Fourth, the trial court did not allow the mayor to testify regarding an incident of alleged police abuse against a Mexican-American youth six months prior to Espino's death. This was not reversible error, however, because testimony regarding this incident was later introduced.

11

Fifth, the court sustained an objection to the testimony of a Mexican-American youth regarding his arrest some time prior to Espino's death. However, the youth testified to some of the details of the arrest before the objection was sustained, and no offer of proof was made regarding this evidence. Fed.R.Evid. 103(a)(2).

12

"The rule in this circuit is that the trial court's rulings on relevancy and materiality of evidence will not be disturbed absent a clear showing of an abuse of discretion." United States v. Brown, 547 F.2d 1264, 1266 (5th Cir. 1977). For the above reasons, we find that the trial court did not abuse its discretion in these evidentiary rulings.

13

In sum, the judgment of the district court must be affirmed. There was sufficient evidence to support the jury findings, and there was no reversible error in any of the evidentiary rulings. The city cannot be held liable under a theory of respondeat superior, and even if it could be, the jury found no tortious conduct for which the city could be held vicariously liable.

14

AFFIRMED.

1

The applicable statutes of the Texas Code of Criminal Procedure are as follows:

14

01. Offense within view

(a) A peace officer or any other person may, without a warrant, arrest an offender when the offense is committed in his presence or within his view, if the offense is one classed as a felony or as an offense against the public peace.

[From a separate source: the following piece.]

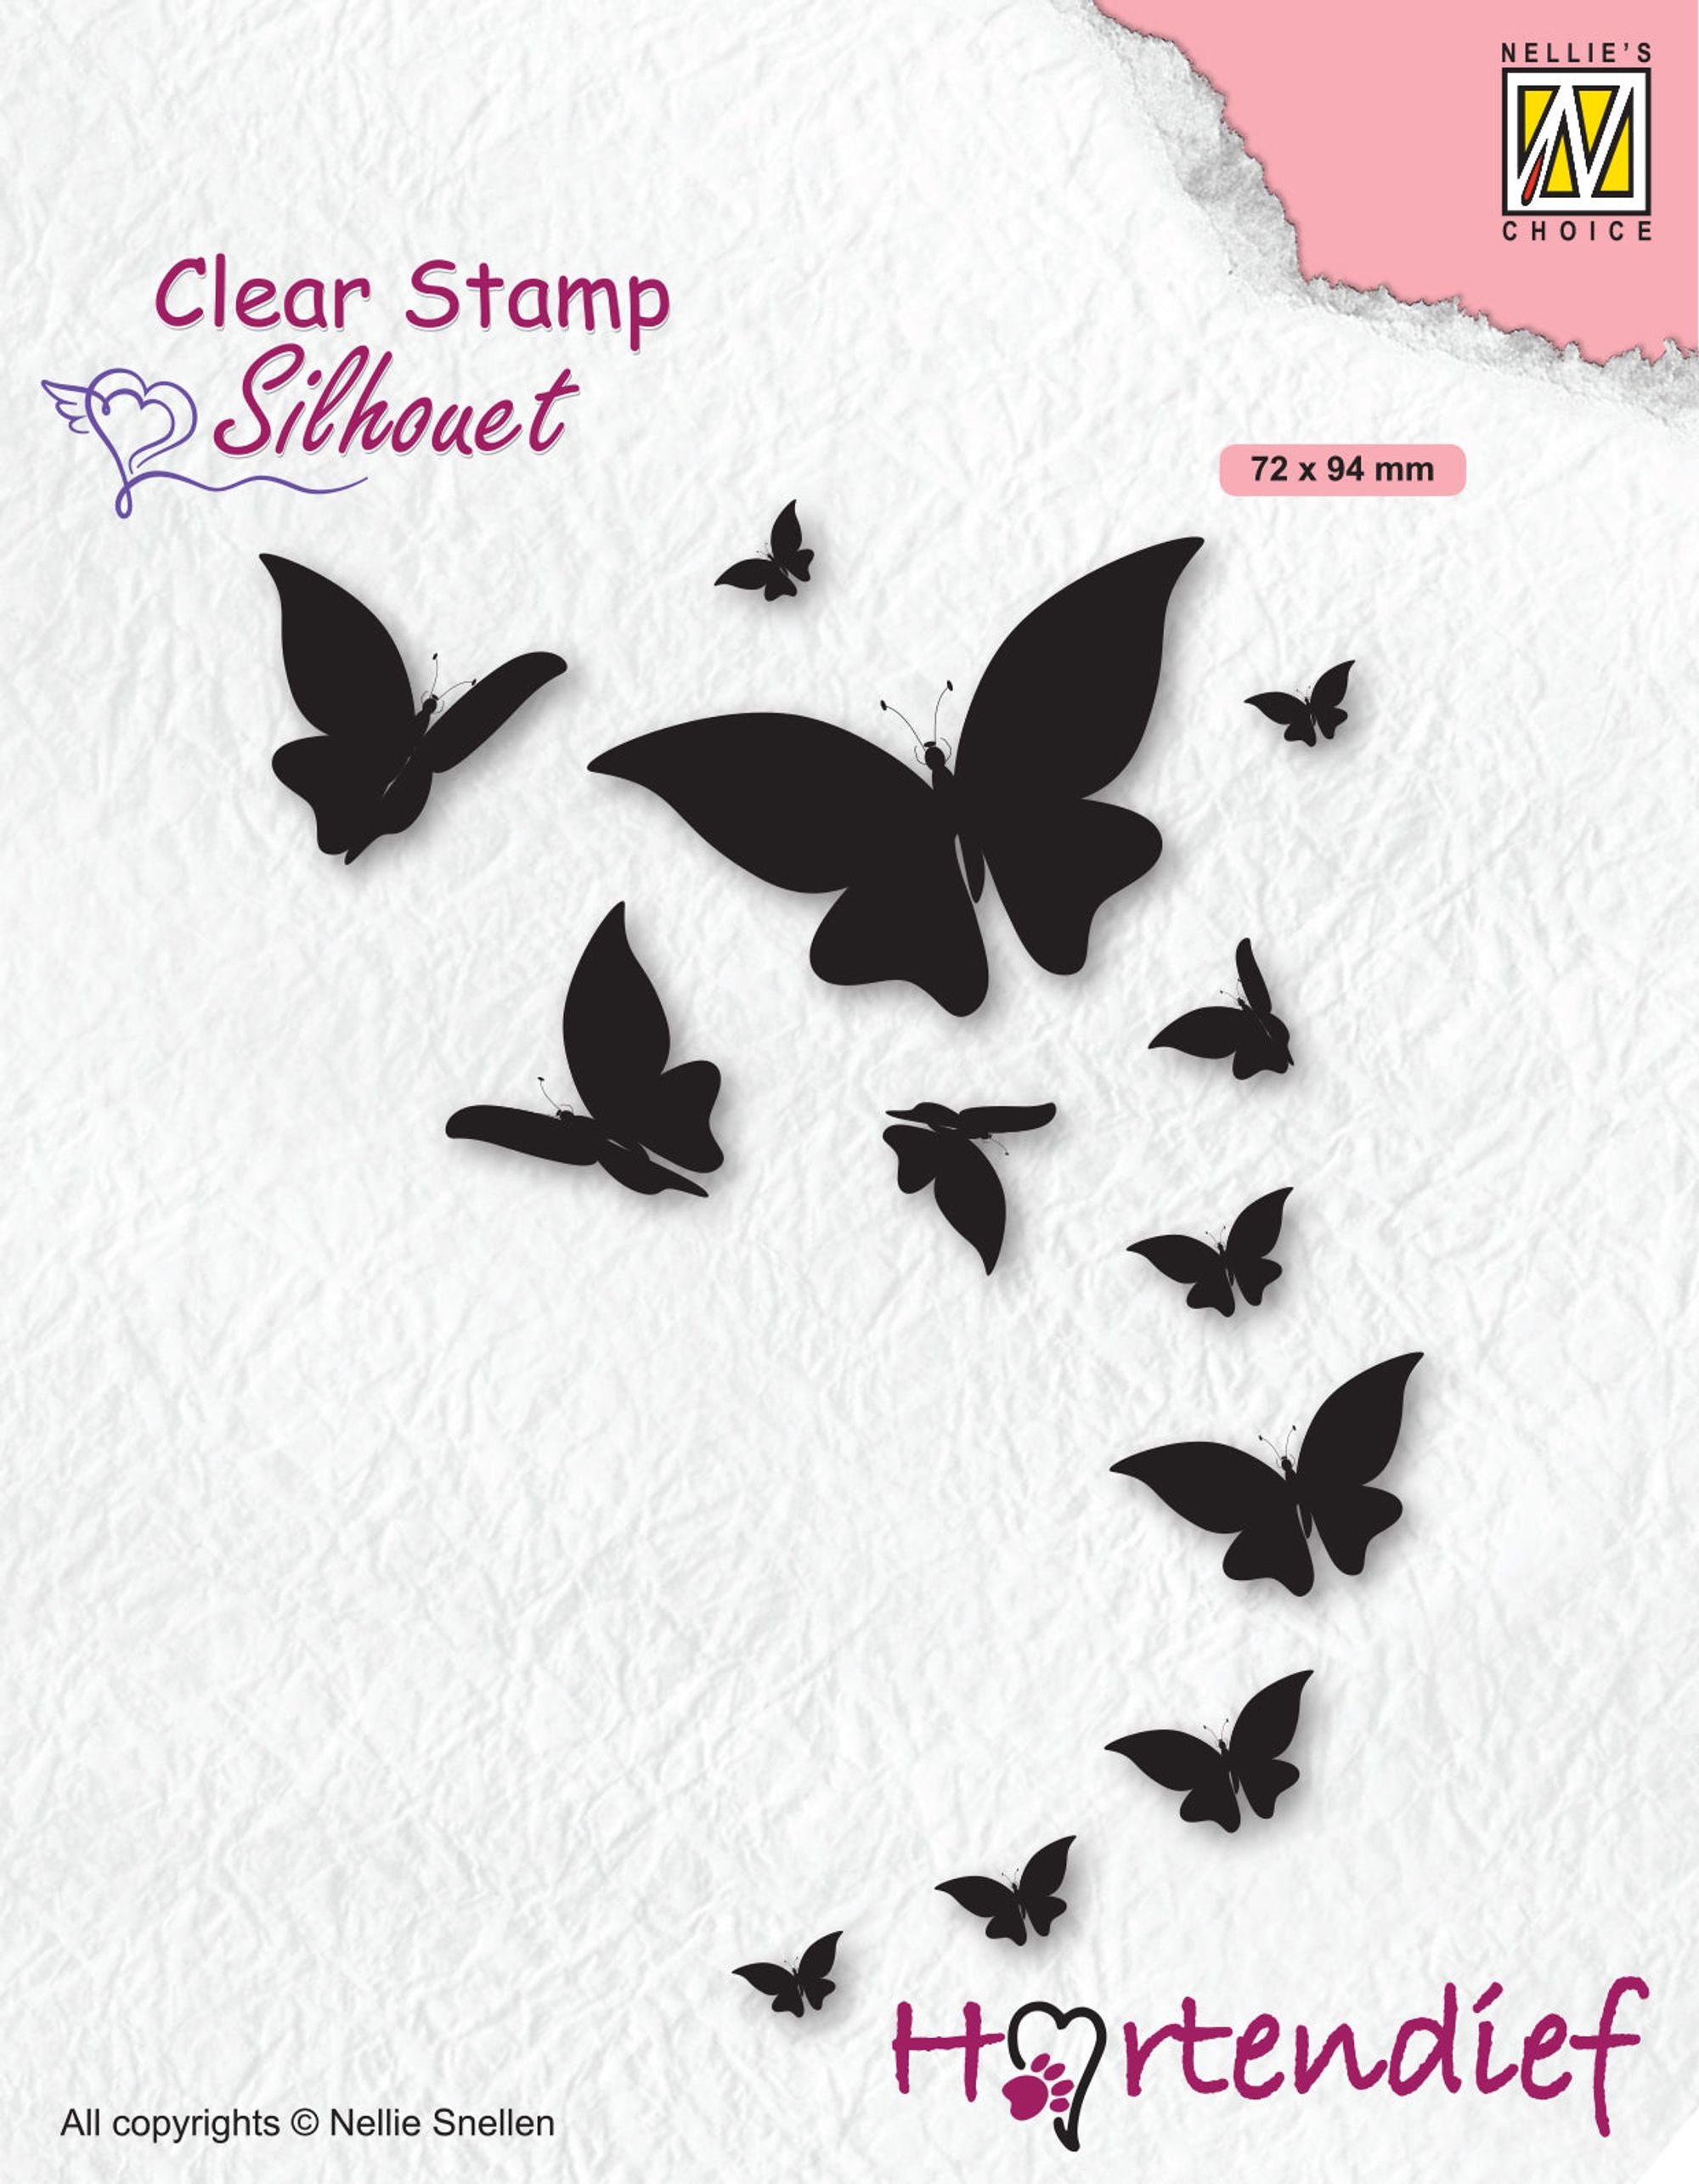 Nellie's Choice Clear Stamp Silhouette Butterflies

(b) A peace officer may arrest an offender without a warrant for any offense committed in his presence or within his view.

14

03. Authority of peace officers

Any peace officer may arrest, without warrant, persons found in suspicious places and under circumstances which reasonably show that such persons have been guilty of some felony or breach of the peace, or threaten, or are about to commit some offense against the law.

2

Rule 103, Fed. R. Evid., provides in pertinent part:

(a) Effect of erroneous ruling. Error may not be predicated upon a ruling which admits or excludes evidence unless a substantial right of the party is affected, and

(1) Objection. In case the ruling is one admitting evidence, a timely objection or motion to strike appears of record, stating the specific ground of objection, if the specific ground was not apparent from the context; or

(2) Offer of proof. In case the ruling is one excluding evidence, the substance of the evidence was made known to the judge by offer or was apparent from the context within which questions were asked.